**Work instruction:** Restate the following data in its entirety, word for word and without images.

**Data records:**
=-=-=

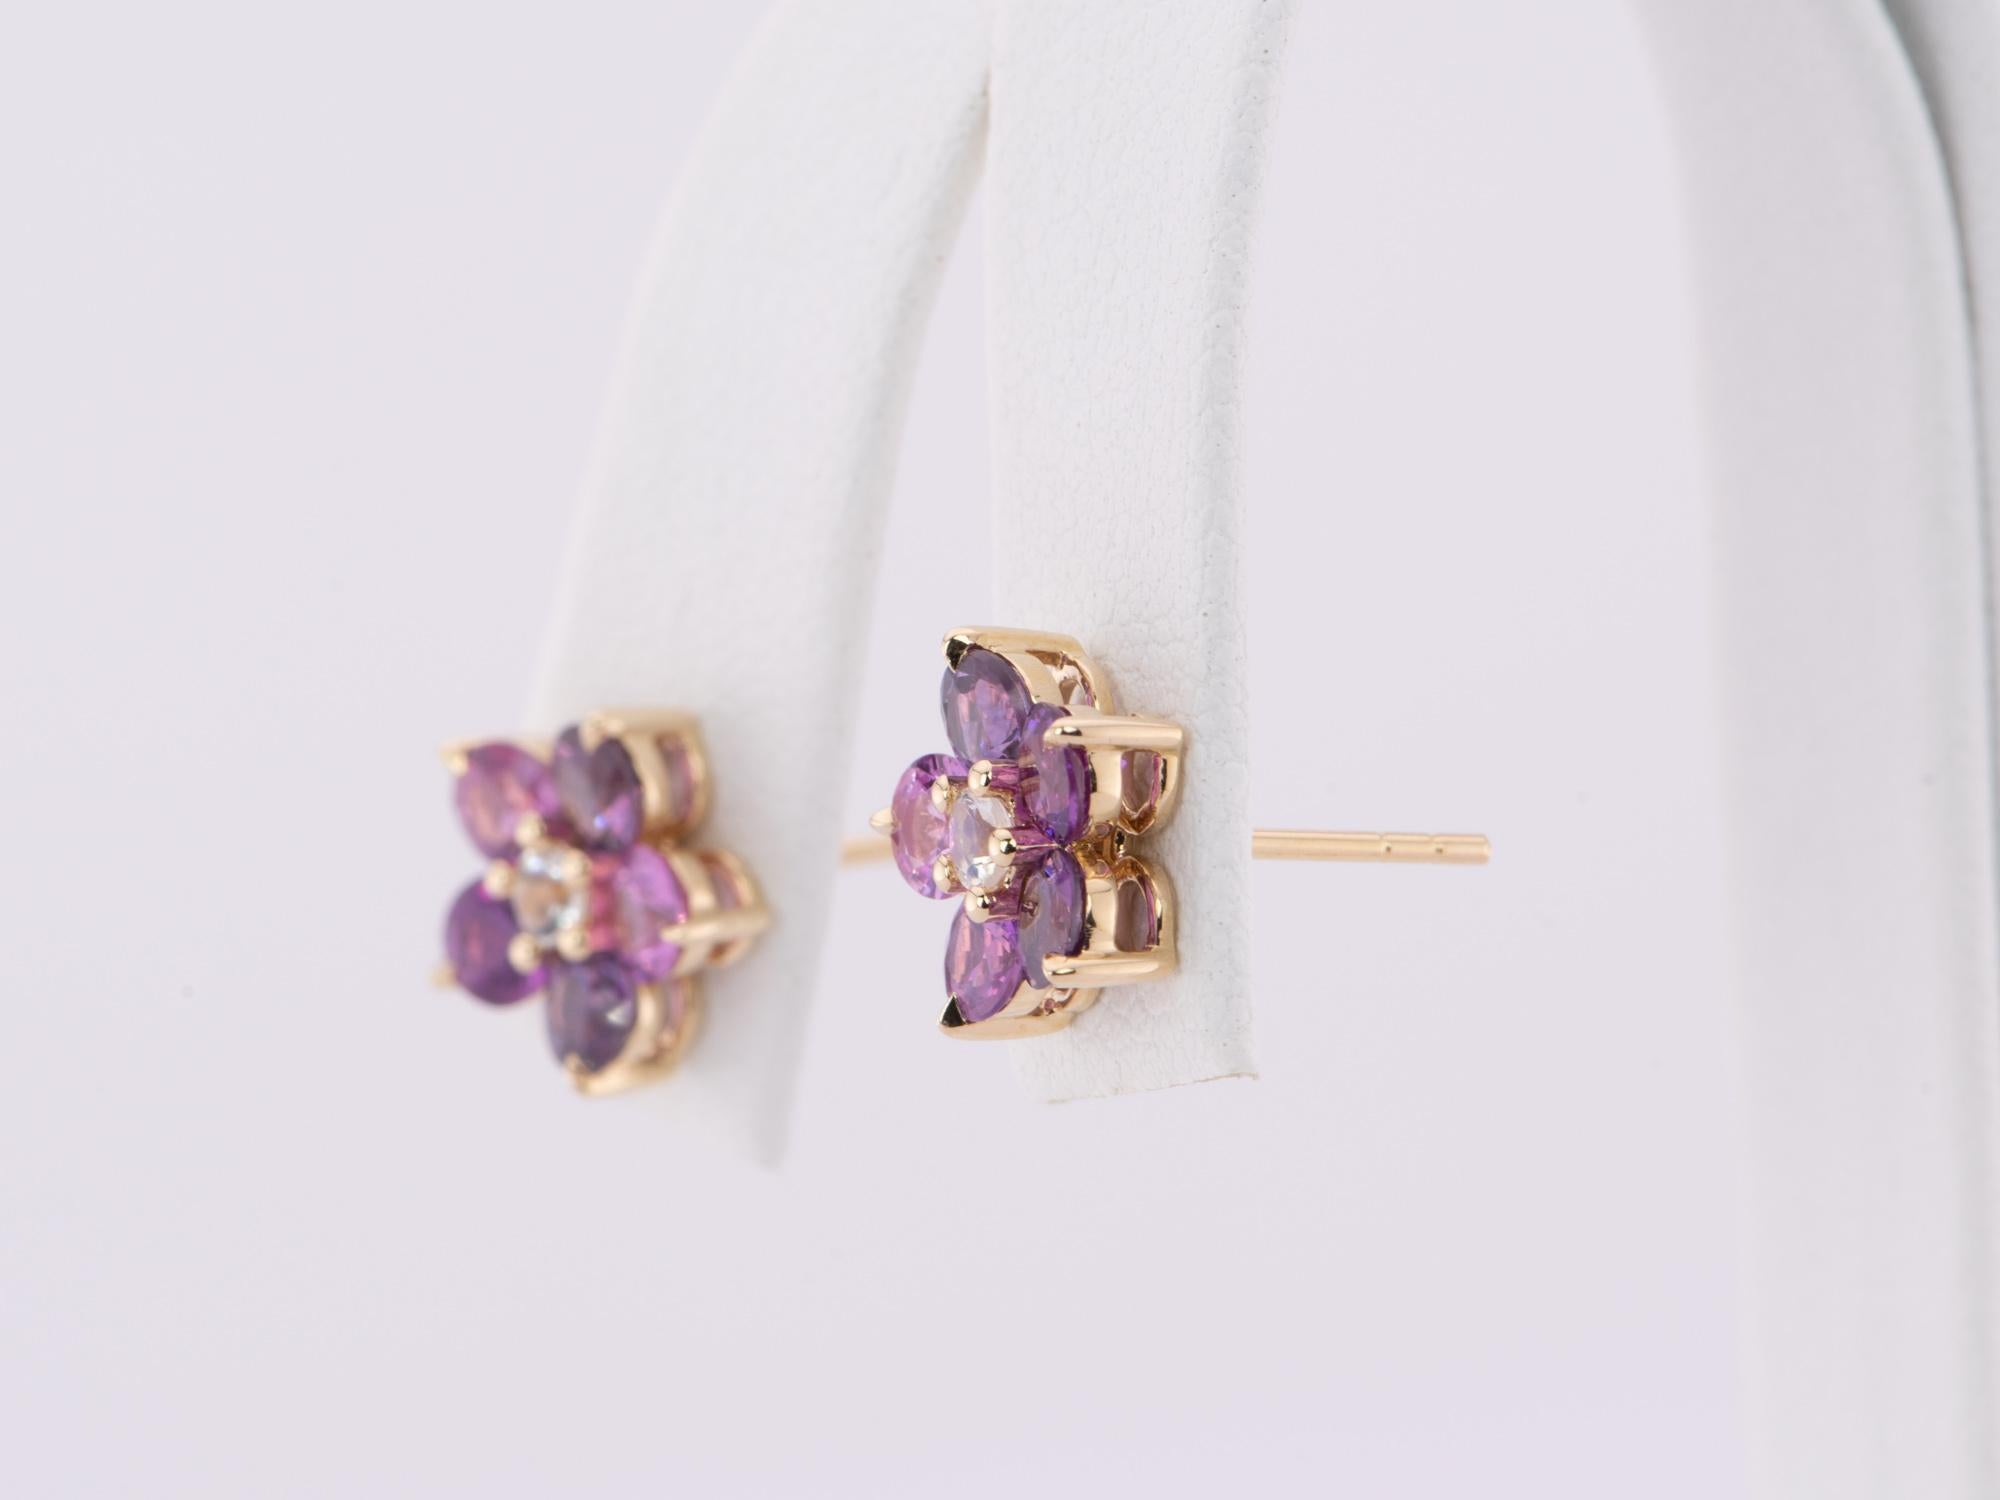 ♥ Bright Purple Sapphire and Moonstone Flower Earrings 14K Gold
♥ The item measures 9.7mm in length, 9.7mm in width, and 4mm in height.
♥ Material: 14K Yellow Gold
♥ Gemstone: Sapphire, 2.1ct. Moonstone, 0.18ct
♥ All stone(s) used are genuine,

=-=-=

**Written answer:**
 ♥ Bright Purple Sapphire and Moonstone Flower Earrings 14K Gold
♥ The item measures 9.7mm in length, 9.7mm in width, and 4mm in height.
♥ Material: 14K Yellow Gold
♥ Gemstone: Sapphire, 2.1ct. Moonstone, 0.18ct
♥ All stone(s) used are genuine,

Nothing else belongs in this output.